Quebec confirms 79 more coronavirus deaths as cases spike past 26,500

Apr 29 2020, 6:05 pm

The Quebec government revealed that the province’s COVID-19-related death toll has reached 1,761 after announcing 79 new deaths since Tuesday afternoon.

As part of Quebec’s daily briefings, Deputy Premier Genevieve Guilbault stood in for Premier François Legault and updated the provincial numbers. Quebec now has 26,594 known cases and 1,648 hospitalized patients, 222 of whom are in intensive care.

A total of 183,222 cases have turned up negative throughout Quebec.

After giving her thoughts and blessings to the families of the victims, Guilbault spoke about Quebec’s reinforced long-term residency’s staffing.

“As you know, for about a week, we’ve been getting reinforcements from calls launched by the premier,” she said in French. “Today, we are happy to announce the arrival of about 400 military personnel to come help out in our residences. We thank them and are very happy.”

The deputy premier said Quebec still has ‘huge needs” for the elderly and is urging Quebecers across the province to come help.

“It is a national emergency,” she added.

After updating the numbers, Guilbault announced the “gradual” reopening of certain regions throughout Quebec. She stressed the deconfinement is not a “synonym for going easier in terms of guidelines” but said easing travel restrictions means it’s making it “possible to go forward with the gradual reopening of Quebec.”

“If the curve starts to go up again, we will push back and delay some openings,” she continued. “All of these plans depend on the discipline of Quebecers who continue to be obedient and follow the guidelines.”

Easing roadblocks and travel restrictions are part of Quebec’s third announcement in consecutive days as its “gradual plan” to reopen the province rolls forward. On Monday, Legault announced the timeline to reopen schools and on Tuesday, he tabled the province’s plan to reopen the economy.

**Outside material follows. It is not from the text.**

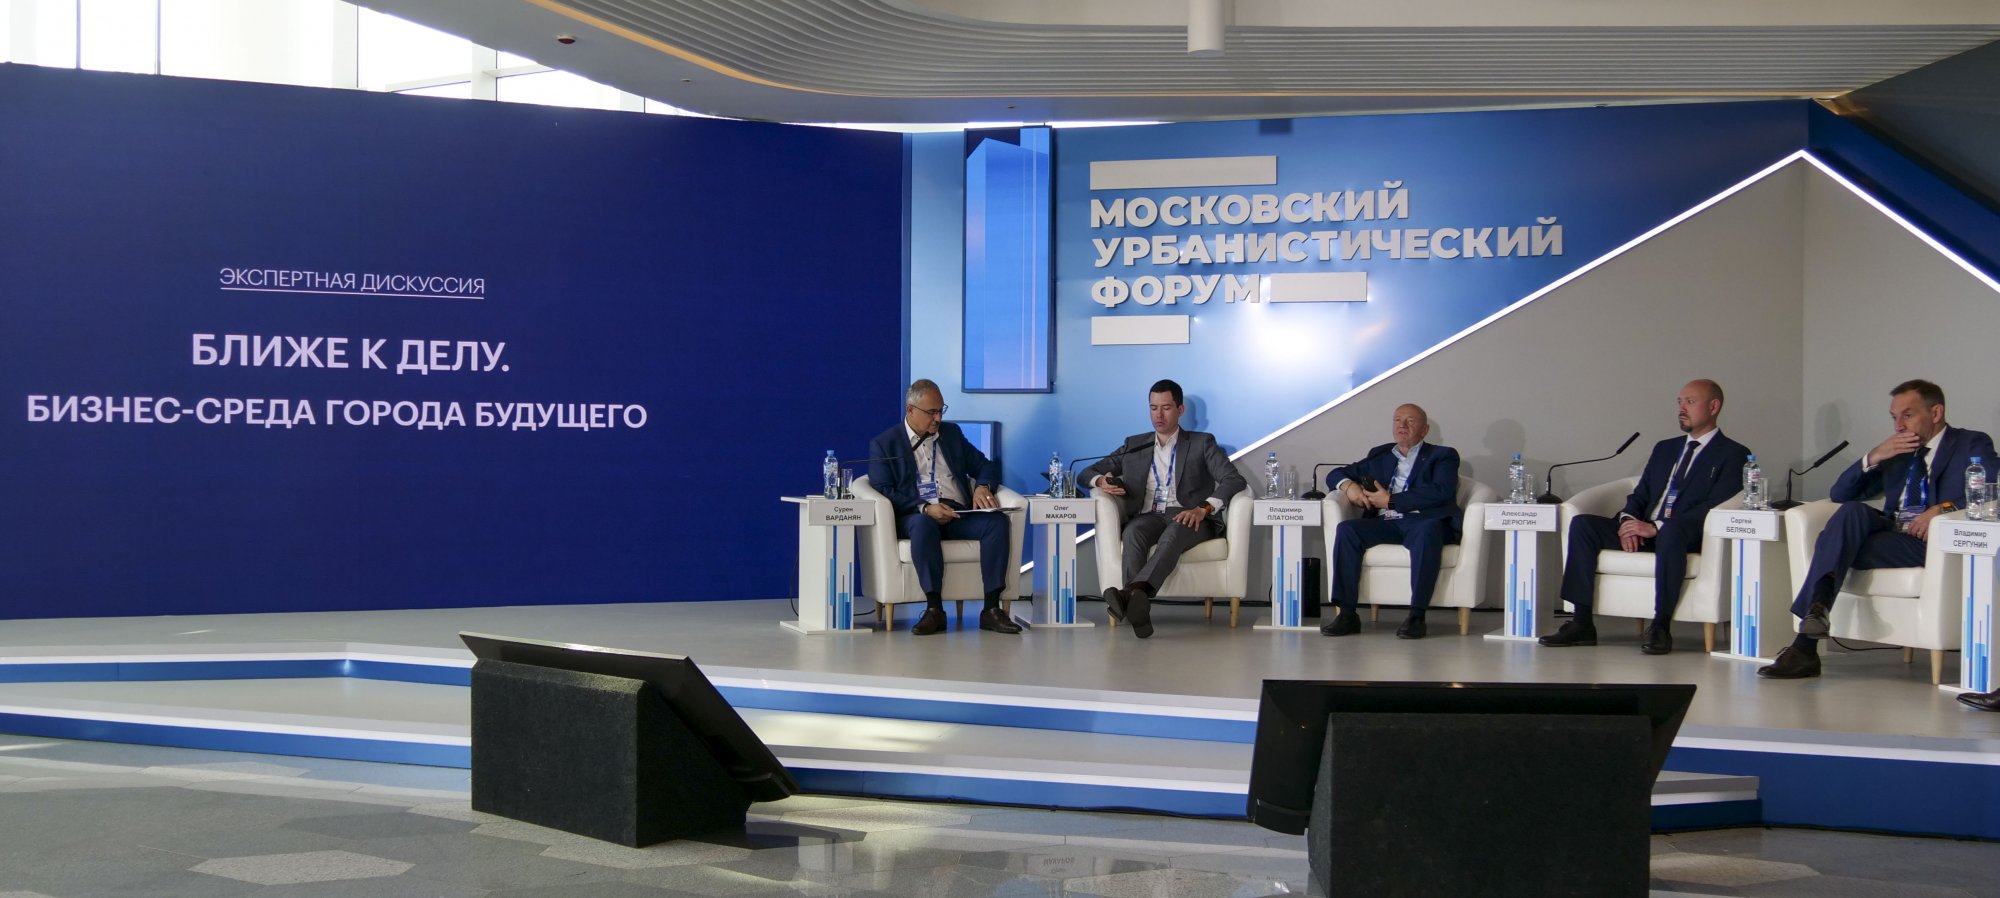 В рамках Московского Урбанфорума МТПП организовала дискуссию на тему бизнес-среды будущего

Earlier this week, Legault said there are “two worlds” in Quebec, deaths in long-term care homes and “everybody else,” which he specified as people at home, not in CHSLDs.

The premier said excluding long-term residences, the death toll is “relatively low.” He added in the past two weeks, numbers have been ranging from eight to 10 deaths daily (excluding CHSLDs).

“It is that plateau in two weeks that is allowing us to say the situation is under control, except in CHSLDs, we have to move forward gradually to avoid a sudden surge in the curve.”

Quebec is one of the global leaders when it comes to screening tests, according to the premier, hence the consistent influx of known cases throughout the province.

Canada’s coronavirus death toll now totals 2,904.